• _Work to complete_
Reproduce the listing in full. Omit the pictures.

== Data below ==

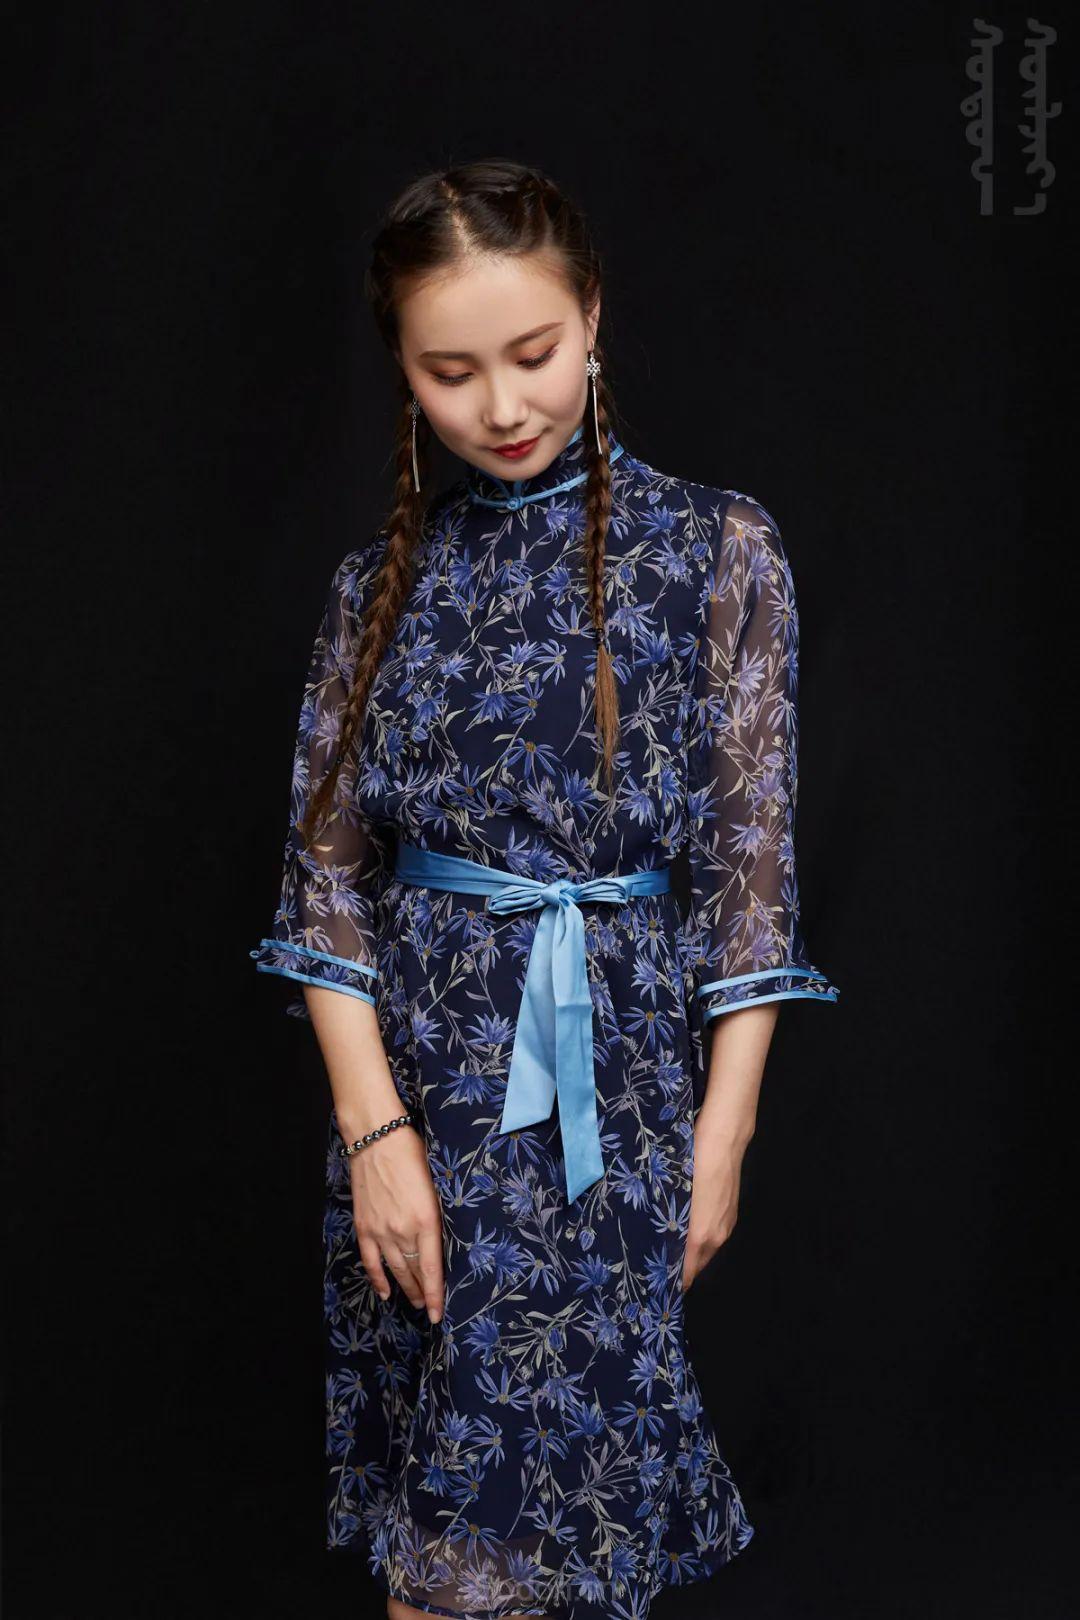 DOMOG蒙古时装2020新款夏季连衣裙首发,618钜惠七折! 第6张
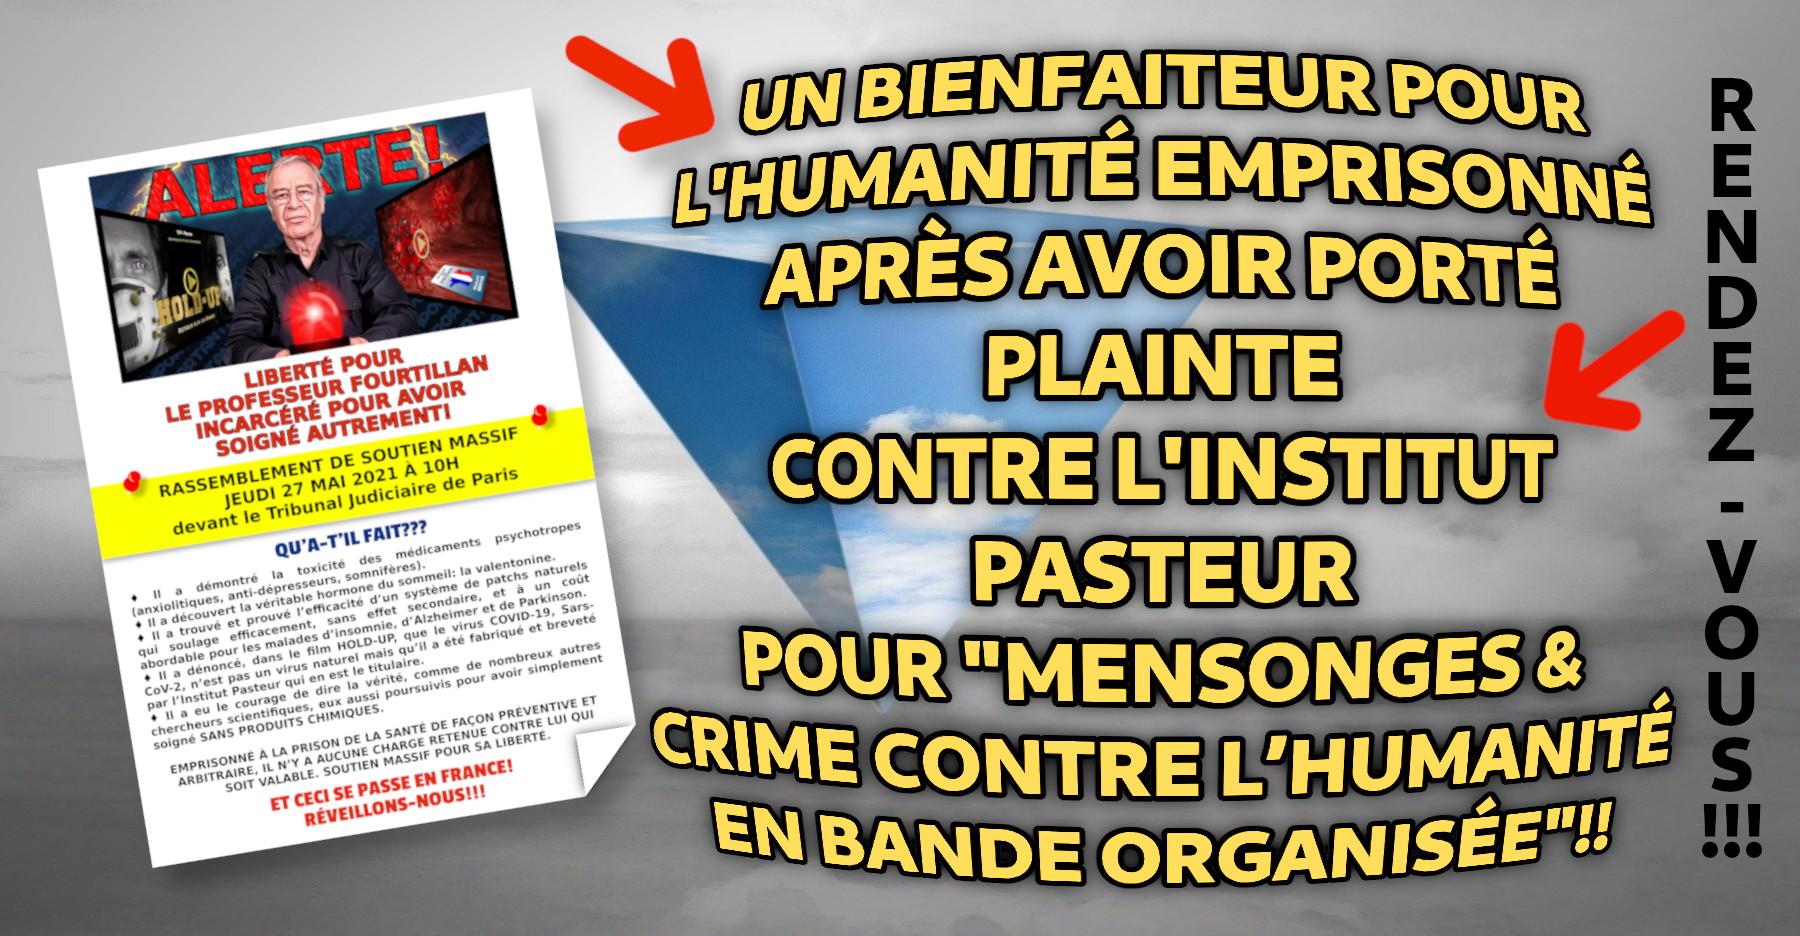 Bienfaiteur pour l'humanité, Jean Bernard Fourtillan est actuellement emprisonné APRÈS AVOIR PORTÉ PLAINTE CONTRE PASTEUR..
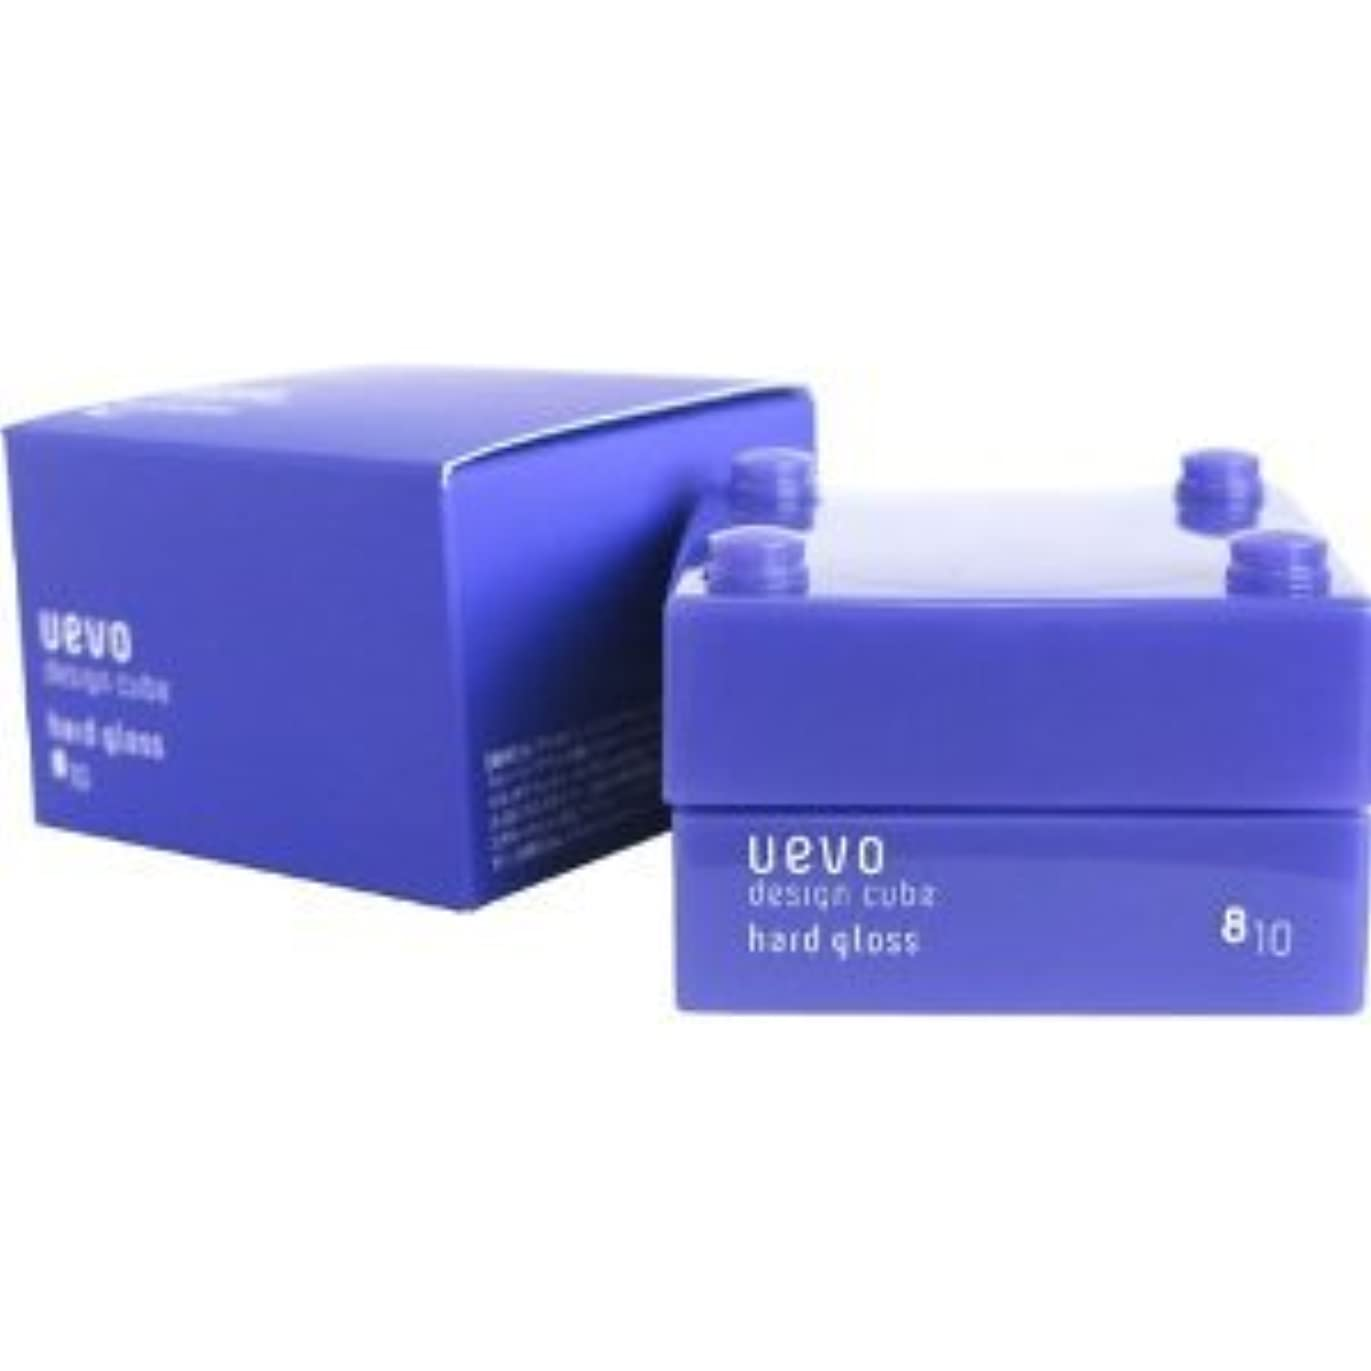 方向説得力のある情報【X2個セット】 デミ ウェーボ デザインキューブ ハードグロス 30g hard gloss DEMI uevo design cube

===

• _Answer for the task_
 DOMOG蒙古时装2020新款夏季连衣裙首发,618钜惠七折! 第6张
 Bienfaiteur pour l'humanité, Jean Bernard Fourtillan est actuellement emprisonné APRÈS AVOIR PORTÉ PLAINTE CONTRE PASTEUR..
 方向説得力のある情報【X2個セット】 デミ ウェーボ デザインキューブ ハードグロス 30g hard gloss DEMI uevo design cube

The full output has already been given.